Fitzgerald had a troubled youth. She never knew her father, lost her mother when she was 15, may have been abused by her stepfather and, by 1933, was incarcerated in a reformatory. Fleeing, Fitzgerald lived by her wits on the streets of Harlem before winning an amateur contest at the Apollo Theatre in 1934, which propelled her to fame with Webb.
Fitzgerald’s scat singing rivaled the improvisations of instrumentalists. One of the film’s highlights is jazz vocal specialist Will Friedwald cataloging with apparent astonishment and glee the dozens of tunes Fitzgerald quoted in just one song, during a heralded Berlin performance. Another is a nightclub clip with bassist Ray Brown, whose brief marriage to Fitzgerald is duly documented, though there is no mention of Fitzgerald’s other two, even briefer, marriage misfires.
Fitzgerald was notoriously tight-lipped about her personal life, but the aptly titled “Just One of Those Things” (about a doomed relationship), makes it clear she was often lonely and unhappy, despite the relentless sunniness of her music, which reinforces the cliché, apparently true, that she was happiest on stage. The film features fewer live performances (and more pans over still photos) than one might wish for, but “Just One of Those Things” is nevertheless a worthwhile addition to the literature about an inexhaustible subject.

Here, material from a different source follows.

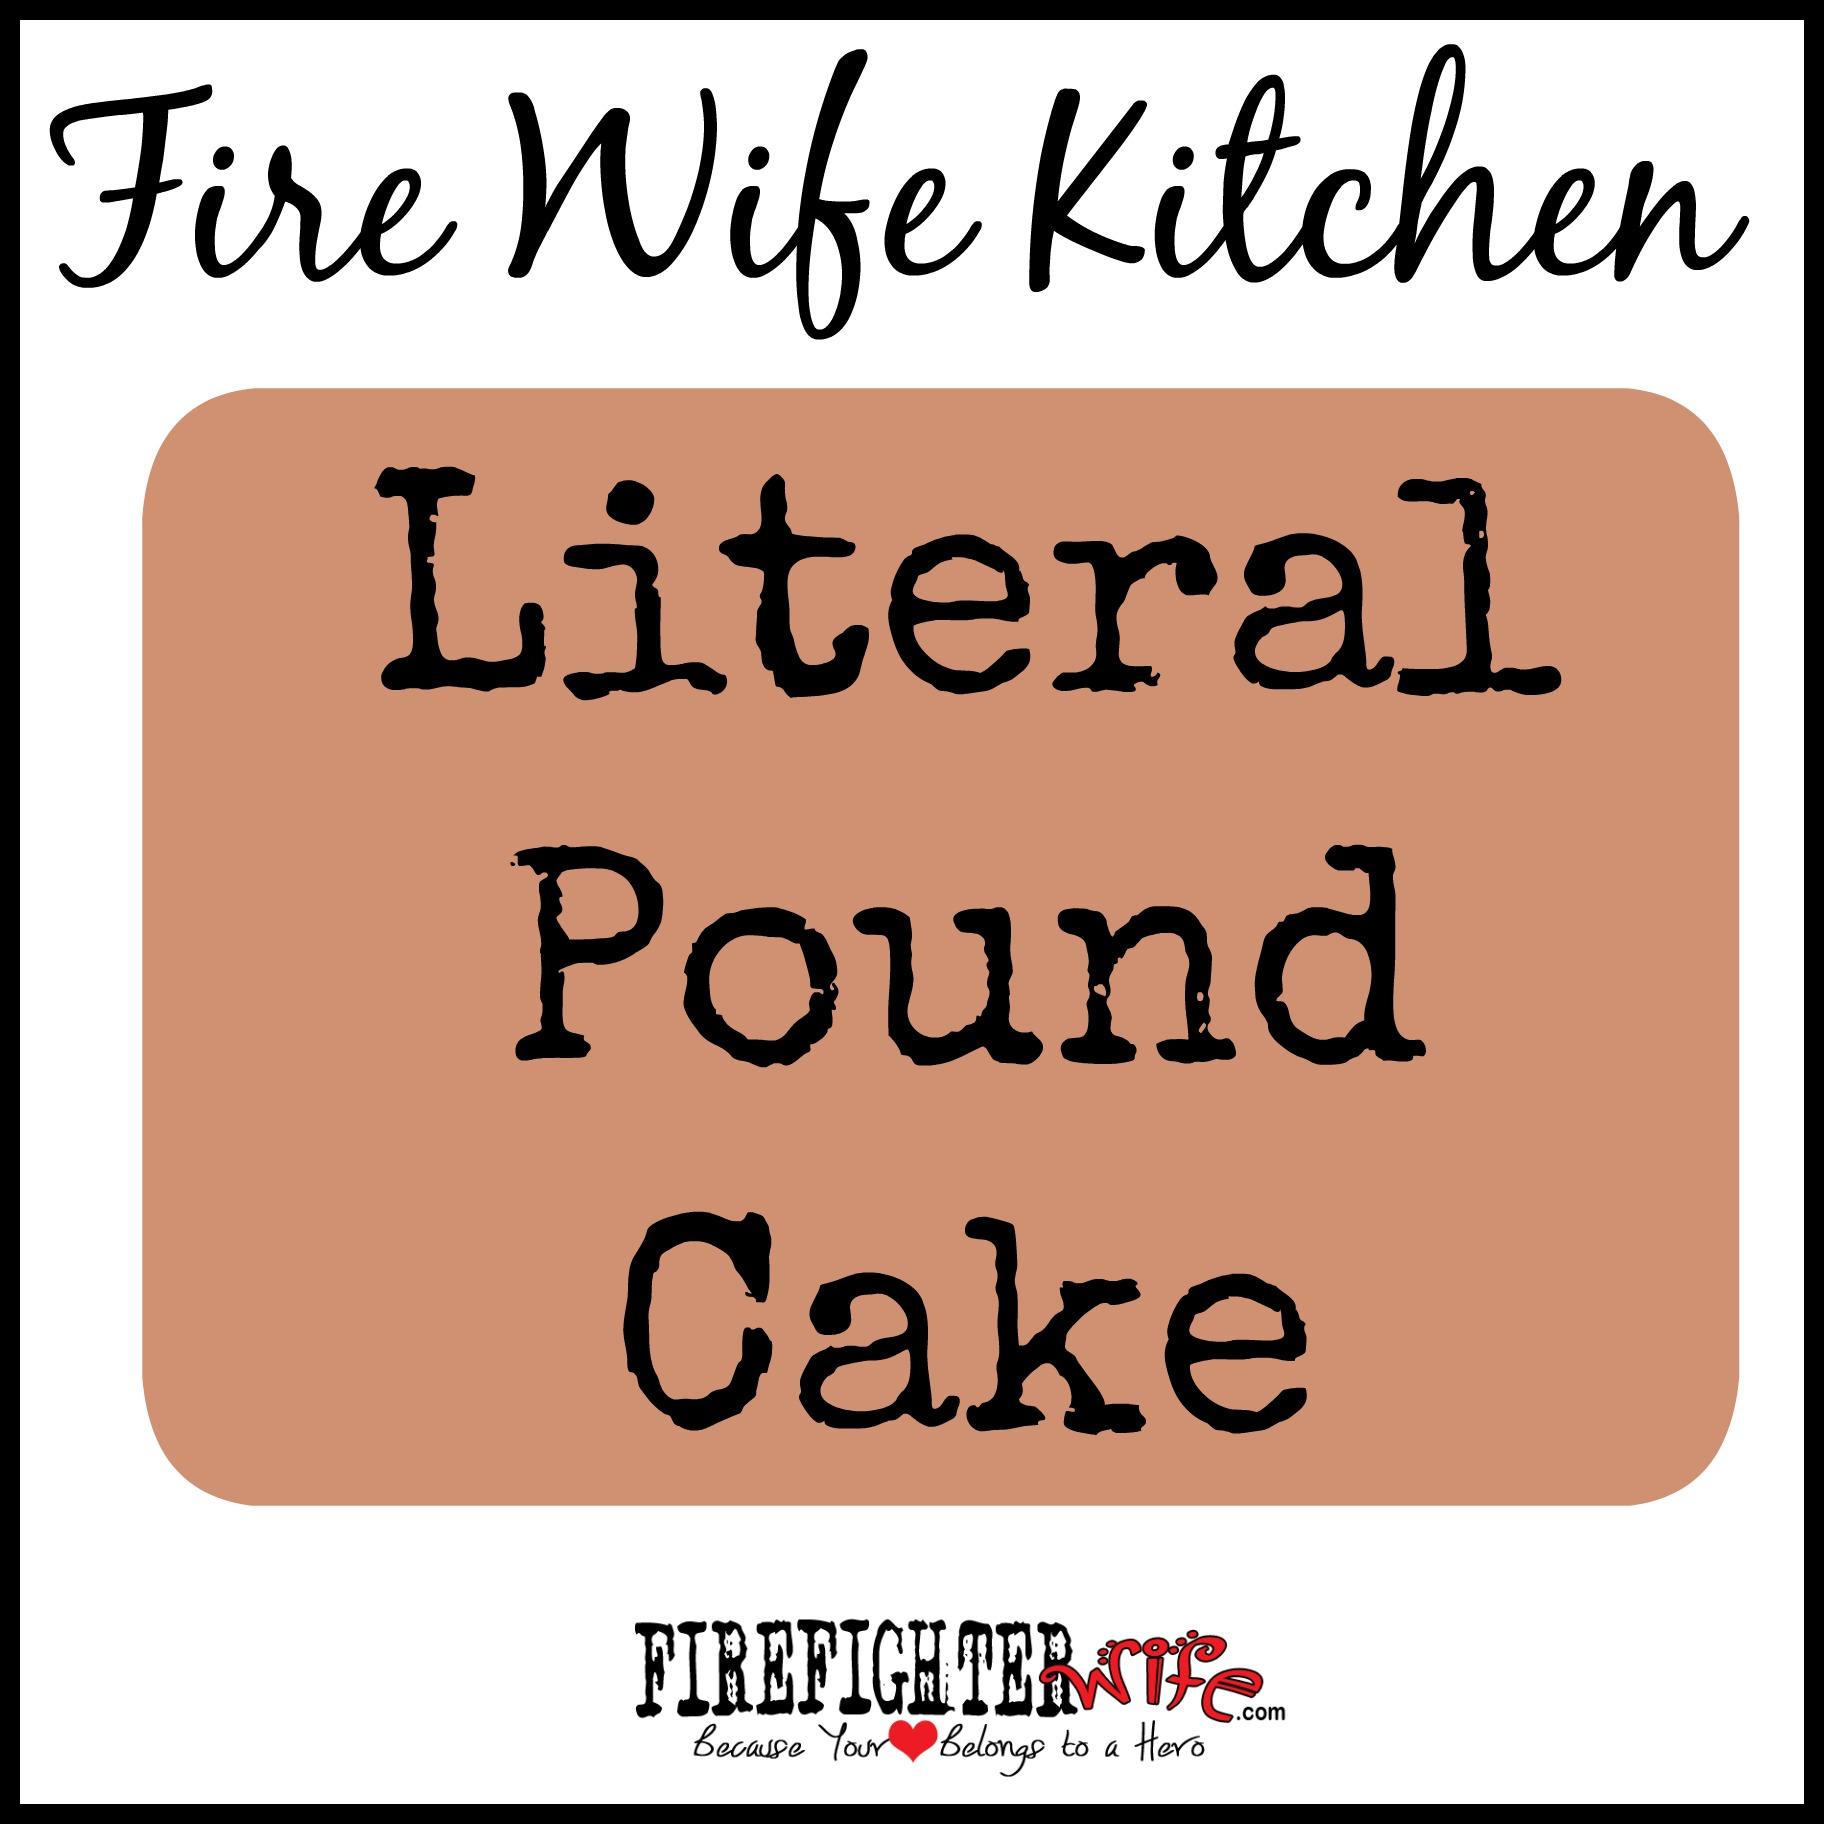 Literal Pound Cake

Though some aficionados dissed the American Masters feature “Miles Davis: Birth of the Cool” (streaming on Netflix) for using narration from Quincy Troupe’s error-ridden, as-told-to tome, “Miles Davis: The Autobiography” (voiced by actor Carl Lumbly in a convincing approximation of Davis’ famous rasp), Troupe’s work is sparingly sampled and Davis’ observations are a welcome component in this excellent introduction to a musician whose remarkable succession of creative “periods” have been justifiably compared to Picasso’s.
Davis launched “cool jazz” in the late 1940s; redefined modern jazz in the ’50s with saxophonist John Coltrane, creating among other classics, “Kind of Blue”; collaborated with the great arranger Gil Evans on a run that included the timeless “Sketches of Spain”; expanded the jazz vocabulary with his mid-’60s quintet with pianist Herbie Hancock; and, finally, crystallized jazz-rock fusion in the late ’60s and early ’70s with his widely popular album “Bitches Brew.”
Returning again and again to a motif of Davis shadowboxing in a gym, the film captures Davis’ moody obsession with his muse, determined to get the music right with every punch. Along the way, it illuminates his work with commentary by knowledgeable observers such as jazz historian Ashley Kahn, music critic Greg Tate and writer Farah Jasmine Griffin, as well as fellow musicians, such as Hancock and Carlos Santana, whose ideas are skillfully illustrated by Davis’ music.
The film does not whitewash the dark side of Davis, who abused drugs, neglected his children and beat his wife, Frances Taylor. Yet Davis also demanded boldly, for the time, that Columbia Records put Taylor on the cover of “Someday My Prince Will Come.”
Perhaps the most timely and resonant incident recounts the night Davis was clubbed by a policeman outside the Manhattan club where his name was on the marquee. Were he alive today, Davis’ penetrating music and raspy voice would no doubt be on the front lines, as they always were.